How to get my ADHD child to shower when I have ADHD too?
- Tanya Smith
- Mar 22
- 3 min read
Updated: Mar 25

How to shower your ADHD child when you're an ADHD parent? Many parents with ADHD frequently argue with their child about taking a shower. This situation causes significant anxiety for both the child and the parent, leading to regrettable words being exchanged. Since this is a common occurrence, anxiety and overwhelm build up even before the conversation about bath time begins. The entire process can take hours in the evening, leaving the ADHD child upset, frantic, overstimulated, and unsettled, while the ADHD parent feels overwhelmed, angry, judgmental, overstimulated, and resentful. Additionally, you may struggle with feelings of resentment, knowing your child cannot help it.
What are some reasons your child might resist taking a shower or bath?
Sensory issues: A shower might feel uncomfortable due to the sensation of water droplets on their skin, making a bath more tolerable, or they might simply dislike the feel of water altogether.
Selective attention: The child might be too engrossed in fun activities to want to stop for a shower, and your request interrupts their enjoyment.

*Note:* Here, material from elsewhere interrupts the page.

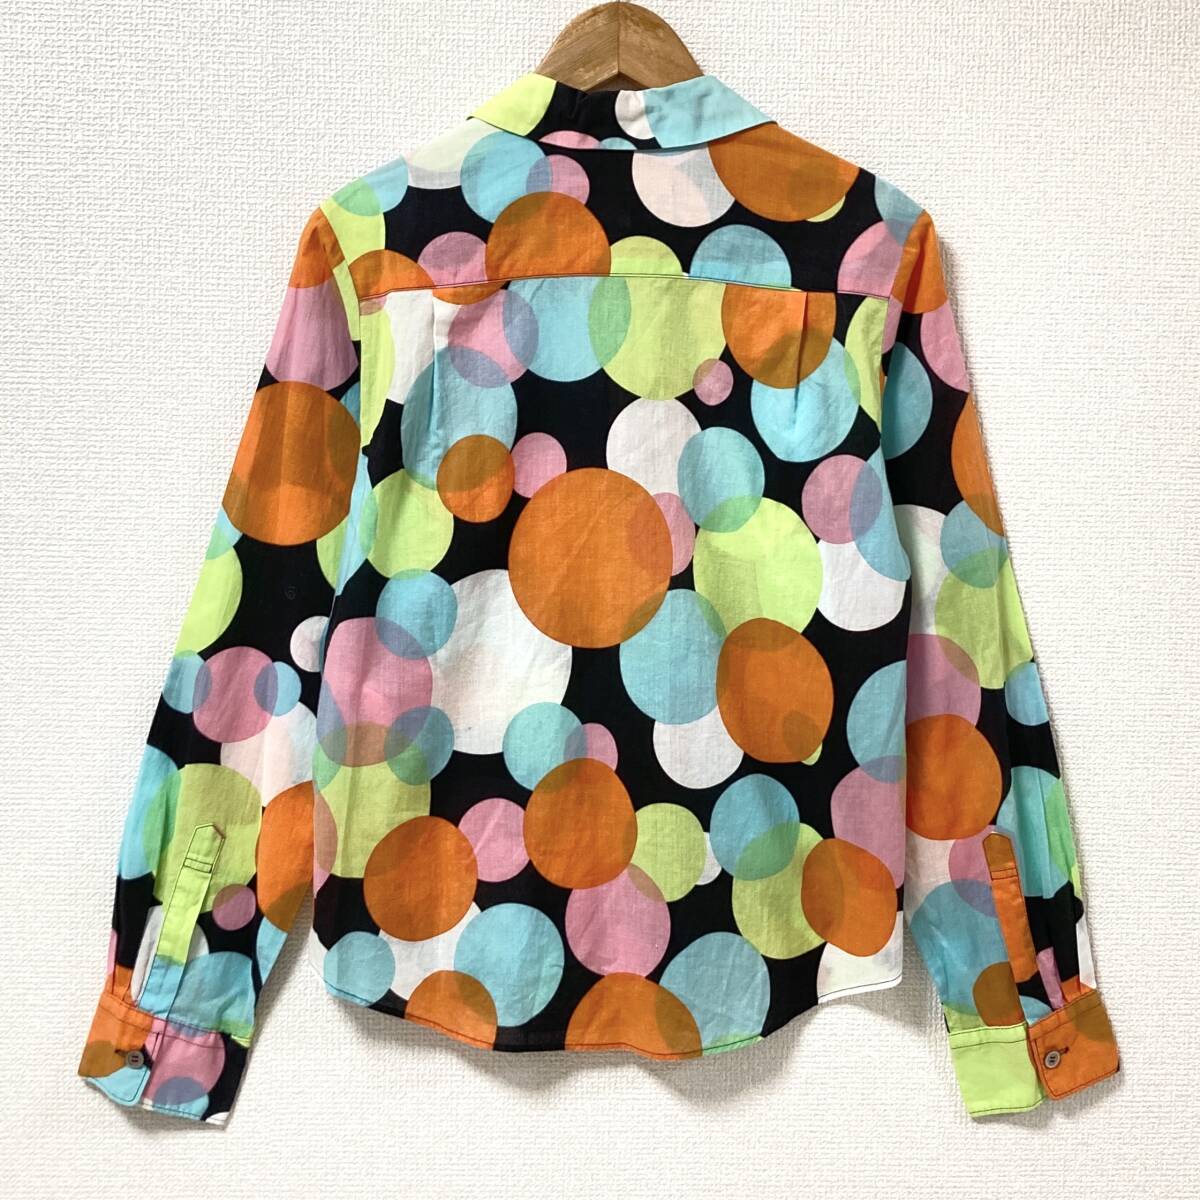 AD2003 tricot COMME des GARCONS circle collar colorful shirt blouse dot total pattern S size Toriko Comme des Garcons polka dot archive 4020080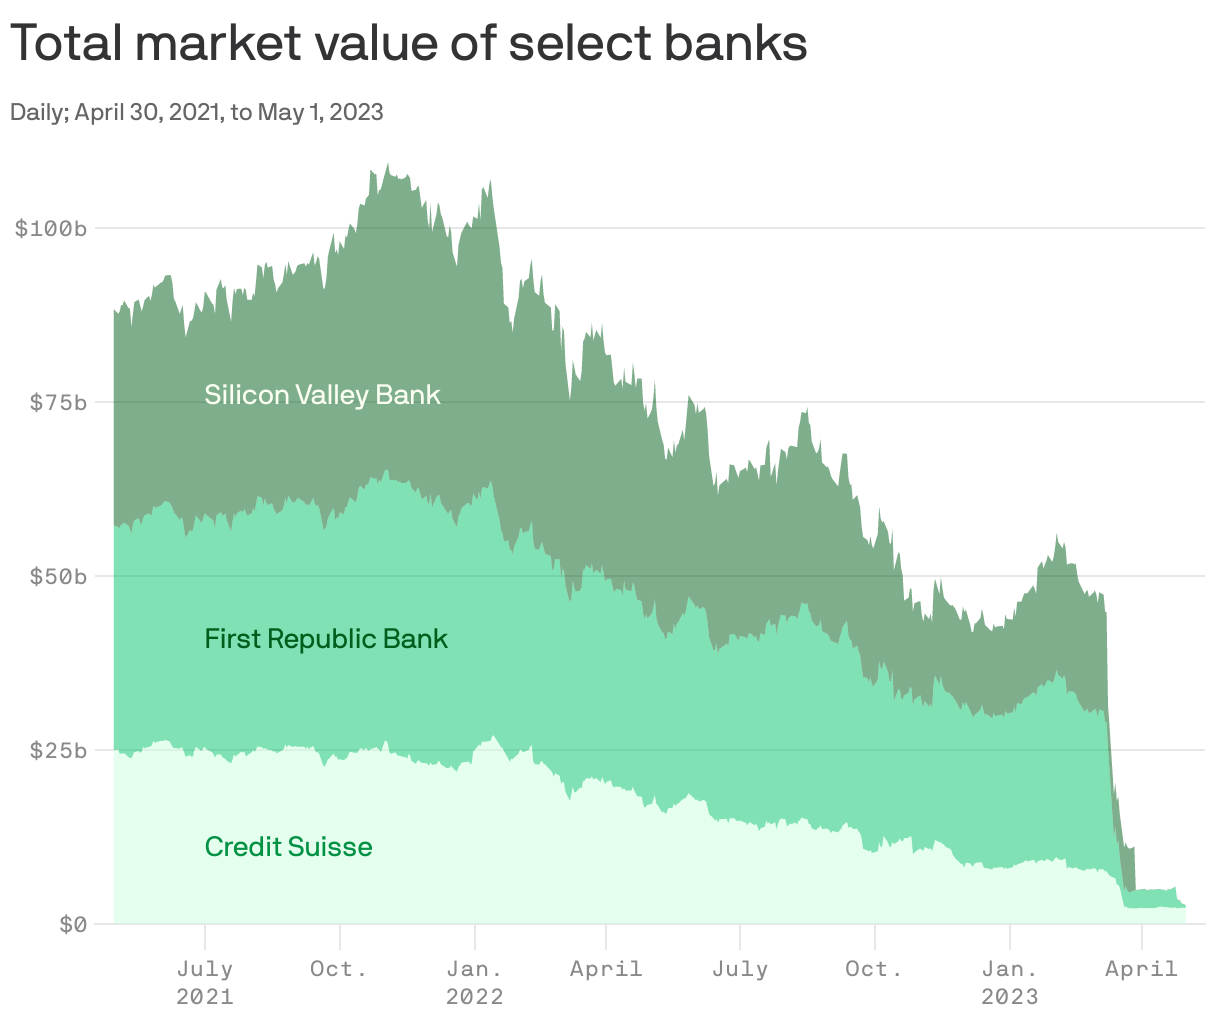 Total market value of select banks

Boredom: If a bath feels like a chore, the child may lack the desire or motivation to take one.
Defiance: Being told to take a shower or bath might be challenging for them, especially if they have ADHD, as they may perceive it as a threat to their autonomy, leading to defiance as a form of resistance.
Dopamine inducing: The argument itself might trigger dopamine release, causing the child to become argumentative as they are driven by this dopamine.
How can we ease the struggle over shower time?
Begin by considering how frequently you bathe your child. Is it every night? With a newborn, we are often advised to bathe them in the evening to help them settle for bedtime. However, as the child grows older, this routine may not suit a parent and child with active minds. Perhaps reducing it to just a few times a week might be better.
I understand that many parents might argue that their child is dirty and needs a shower every night to go to bed clean. But who says this is necessary?
This is where I would ask why you believe your child needs a shower every night. Where did this notion come from?
This is known as a limiting belief, where the reason isn't something you've considered yourself but is constructed by external influences, for example:
As a child, your parents insisted on a nightly bath or shower because they believed you were dirty.
In the playground, parents ensure their children bathe every night, fearing negative judgment if they don't.
Social media portrays good parents as those who bathe their children nightly to keep them impeccably clean.
The belief is that a clean child will have more friends, be more accepted, and you will be too as a parent.
There's a perception that a teacher might treat your child differently if they aren't clean.
If your child has ADHD and already faces challenges, why make things harder?
You might feel compelled to bathe your ADHD child every night, but these thoughts are overwhelming and not accurate. When I was young, I had a bath once a week, typically on Sundays before the new week started. Previous generations bathed even less frequently. However, we were never smelly, unpleasant, or undervalued. As we grow older, we may recognise the benefits of daily showers if it suits our personal preferences, and then we can adjust our routines accordingly.
Now, you need to tailor life to suit both your needs and those of your child.
Begin by reducing your child's shower frequency to 2-3 times a week. Your child is not dirty. If this still poses a challenge, you might need to explore why you feel this way.
Schedule shower days on occasions when there's something exciting on television as a reward. If not, find a small incentive for them to anticipate.
Use a timer. Some children dislike spending too long in the bath, so you can say, 'Let's see how quickly you can wash everywhere. We can time you—can you beat the timer?' This can become a challenge to surpass each time.
Brush teeth in the shower or bath. If this reduces conflicts for you, why not? Even if they eat or drink afterward, it’s better to have their teeth cleaned than not!
Make it enjoyable. Include items like small water pistols in the bath for them to play with—create a target. Yes, it might get a bit messy, but it's only water.
Discuss the plan with your child and explain it to them. If they are uncertain about the cleaning aspect, you might consider showing them pictures of what can happen to the skin when it is neglected (without being too graphic).
Hopefully, these tips will allow you to have more time and less anxiety.